LaPlace man in statewide election

Published 12:00 am Wednesday, September 14, 2011



LAPLACE – A LaPlace native is banking on a grassroots effort to generate support for his candidacy for Louisiana Commissioner of Agriculture in the Oct. 22 general election.

Jamie LaBranche, 43, is one of three candidates for the top agricultural position in the state, joining incumbent Mike Strain and fellow newcomer Belinda Alexandrenko on the ballot. LaBranche said he is running on a platform that includes a focus on a medical agriculture program, the elimination of unnecessary hunting and fishing taxes for children and an effort to return agricultural studies to the school system.

“There are opportunities that our state is missing out on that I am ready to capitalize on,” LaBranche said. “We need to be more aggressive in building an agricultural community that fosters jobs for our residents.”

LaBranche said he wants the state to consider a program that harvests the wild palmetto crop that is found throughout the swamps and wetland areas of south Louisiana. He said other states in the region are harvesting the crop and making money on the medicinal value of the plant.

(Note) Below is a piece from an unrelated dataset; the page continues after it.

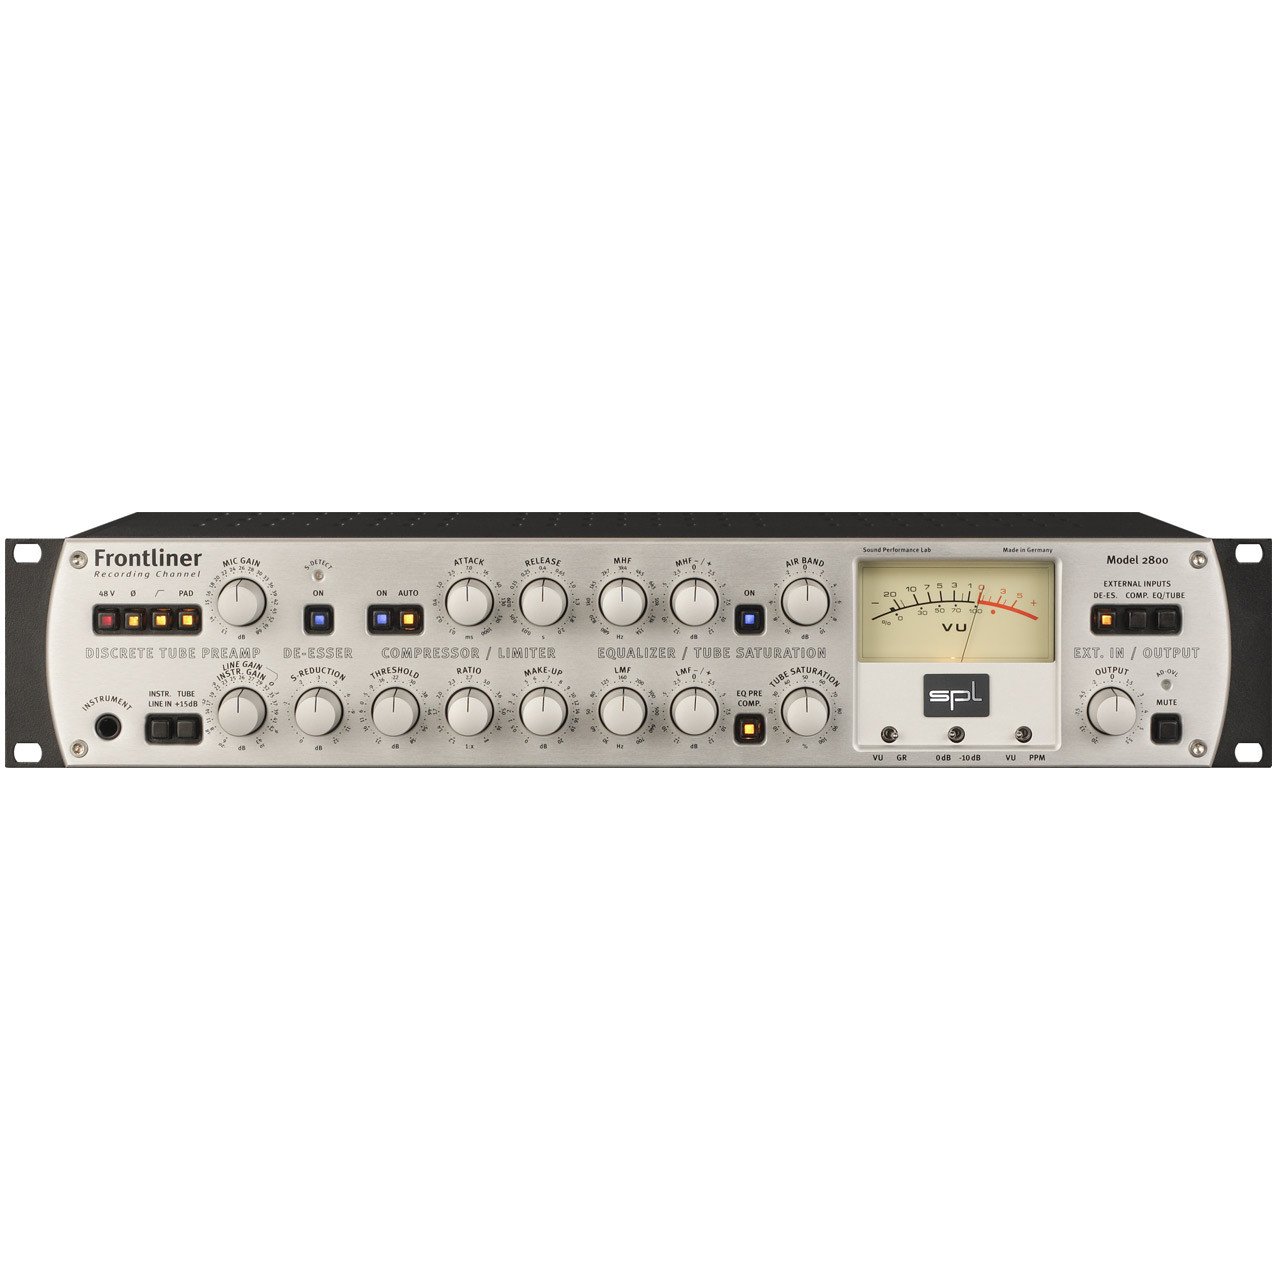 Preamps/Channel Strips - SPL Frontliner Recording Channel

“There are so many plants native to our area that are valuable in multiple ways, and we are not doing enough to grow and harvest them properly,” LaBranche said. “Medical agriculture is a $100 million industry in some areas, and we are missing out.”

LaBranche said he wants the state to devote acreage around Angola State Penitentary for the cultivation of poppy plants, which are used in several common prescription drugs. He wants the state to partner with drug companies to process the products for use.

LaBranche also intends to bring forth an initiative to eliminate the need for hunting and fishing licences for young children in the state.

“As a man of Cajun decent, I spent my quality time fishing and hunting with my father,” he said. “It was at those times that he instilled in me the values of being a man and the principles of hard work, honesty and integrity. I believe if you are not old enough to buy a beer in the state of Louisiana then you should not have to be taxed for something as simple as a fishing trip. Safety classes will still be necessary, but young children should be allowed to hunt and fish under a supervising adult’s license.”

LaBranche also wants the state to partner with local fishermen to create an Internet-based farmers market that would allow Gulf Coast fishermen to advertise their catch to a wider customer base.

“It is a proactive initiative that will assist our fishermen in today’s competitive markets,” said LaBranche. “We now have the opportunity to regain our independence from the dependency on foreign goods, and we must act now to assist Gulf Coast fishermen in marketing their goods in the national and international markets.”

LaBranche is a graduate of East St. John High School and has Bachelor of Science degree in horticulture from LSU. He has worked the last 24 years as a project manager for landscaping and horticulture projects at state military bases through the Department of Agriculture Forestry.